Se l’uomo nasce così presto, se la vita è così breve,
da dove proviene? Affonda nell’Oceano profondo
dei Germi, dei Feti, degli Embrioni, in fondo
all’immenso Crogiuolo da cui la Madre Natura
lo risusciterà, vivente creatura,
per amare nella rosa e crescere nel grano?…
Noi non possiamo sapere! Noi siamo vinti
da un manto d’ignoranza e di grette chimere!
Scimmie d’uomini cadute dalla vulva materna,
la nostra pallida ragione ci occulta l’infinito!
Noi vogliamo guardare: – il Dubbio ci punisce!
Il dubbio, mesto uccello, ci colpisce con l’ala…
- E l’orizzonte fugge in una fuga eterna!…
. . .
Il gran cielo è aperto! i misteri sono morti
di fronte all’Uomo, in piedi, che incrocia le sue braccia forti
nell’immenso splendore della ricca natura!
Canta… e il bosco canta, e il fiume mormora
Un canto pieno di felicità che sale verso il giorno!…
- È la Redenzione! è l’amore! è l’amore!…]
. . .
IV
O splendore della carne! o splendore ideale!
o amore rinnovato, aurora trionfale
dove, piegando ai loro piedi gli Dèi e gli Eroi,
Callipigia la bianca e il piccolo Eros
sfioreranno, ricoperti di neve di rose,
le donne e i fiori in sboccio sotto i loro bei piedi!
- O grande Arianna, che versi le tue lacrime
sulla riva, vedendo fuggire laggiù sulle onde,
bianca nel sole, la vela di Teseo,
o dolce vergine bambina che una notte hai rotto,
taci tu! Sul suo carro d’oro adornato di neri grappoli,
Lisio, portato nei campi Frigi
Dalle tigri lascive e dalle fulve pantere,
lungo i fiumi azzurri arrossa il cupo muschio.
- Zeus, Toro, culla sul suo collo come un fanciullo
il corpo nudo d’Europa, che getta il suo bianco braccio
al collo nervoso del Dio che rabbrividisce nell’onda.
Lui volge lentamente verso lei il suo occhio vago;
lei, lascia la sua pallida guancia in fiore
sulla fronte di Zeus; i suoi occhi sono chiusi; lei muore
in un bacio divino, e il flutto che mormora
dalla sua schiuma d’oro fa fiorire la sua chioma.

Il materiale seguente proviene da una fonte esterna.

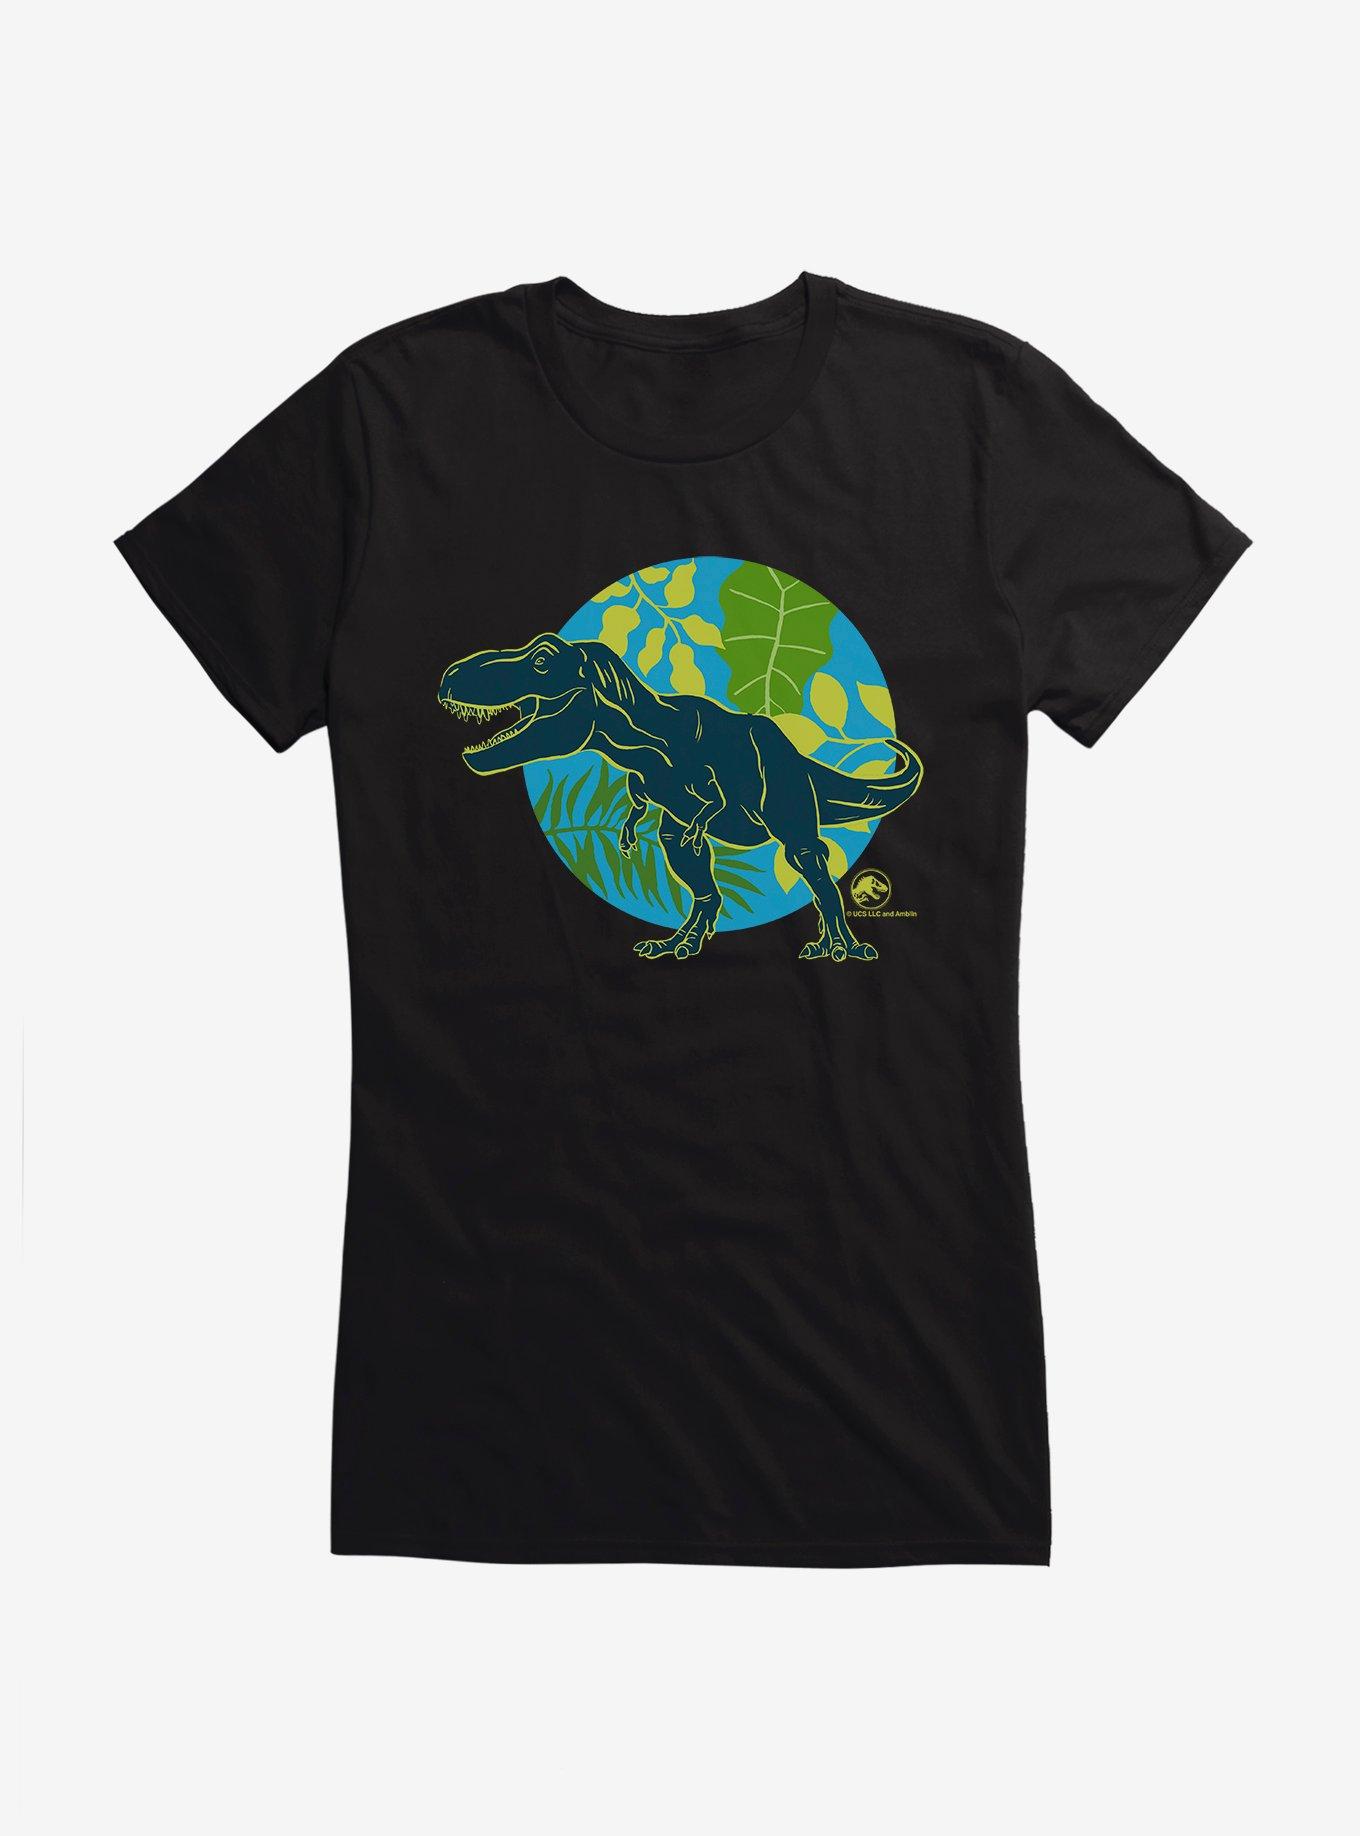 Jurassic World T-Rex Earth Habitat Girls T-Shirt

- Tra l’oleandro e il loto ciarliero
scivola amorosamente il gran Cigno sognante
abbracciando Leda nel candore della sua ala;
- e mentre Cipride passa, stranamente bella,
e inarcando le splendide rotondità delle sue reni,
sfoggia fieramente l’oro dei suoi larghi seni
e il suo ventre nevoso sfrangiato di muschio nero,
- Eracle, il Domatore, che, come d’una gloria
forte, cinge il suo gran corpo di pelle di leone,
avanza, fronte terribile e dolce, all’orizzonte!

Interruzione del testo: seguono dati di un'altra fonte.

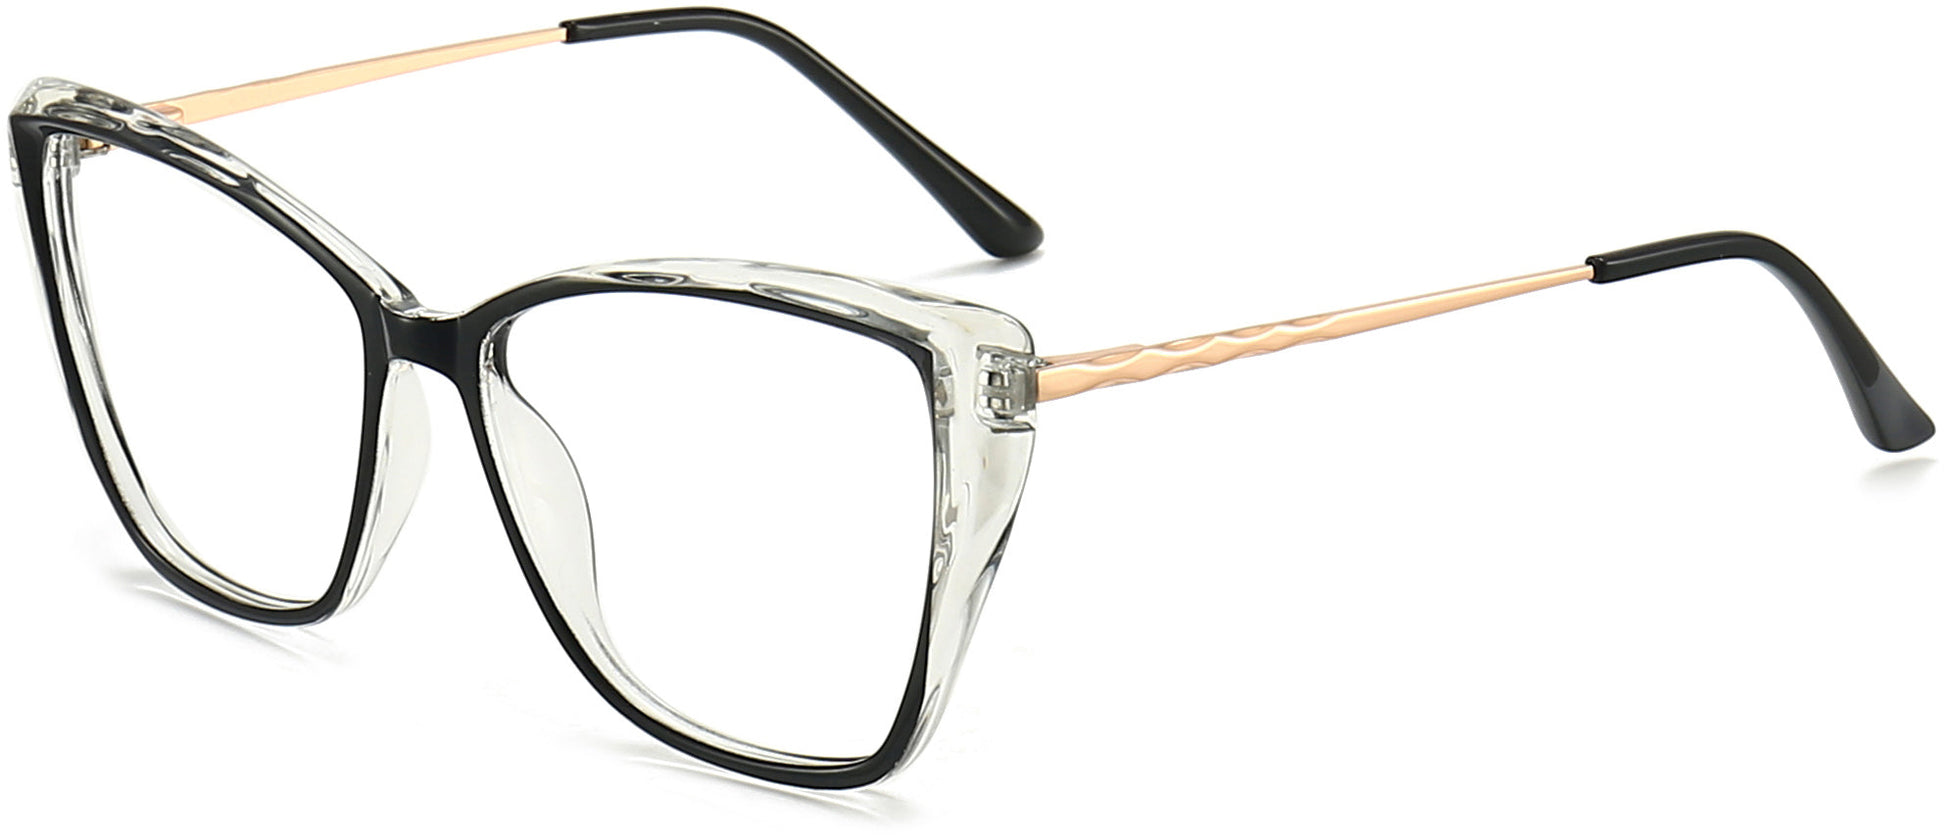 Dayana Cateye Black Eyeglasses from ANRRI, angle view

Con la luna d’estate vagamente illuminata,
in piedi, nuda, e trasognata nel suo dorato pallore
che chiazza il peso fiotto dei suoi lunghi capelli blu,
nella radura oscura dove il muschio si rischiara,
la Driade mira il cielo silenzioso…
- La bianca Selene lascia penzolare il suo velo,
timorosa, sui piedi del bell’Endimione ,
e gli lancia un bacio in un pallido raggio…
- Lontano geme la Sorgente in un’estasi lunga…
È la Ninfa che sogna, un gomito sul suo vaso,
al bel giovane bianco che la sua onda ha stretto.
- Una brezza d’amore nella notte è passata,
e, nei boschi sacri, nell’orrore dei grandi alberi,
maestosamente eretti, i Marmi scuri,
gli Dèi, sulla cui fronte il Ciuffolotto fa il suo nido,
Gli Dèi ascoltano l’Uomo e il Mondo infinito!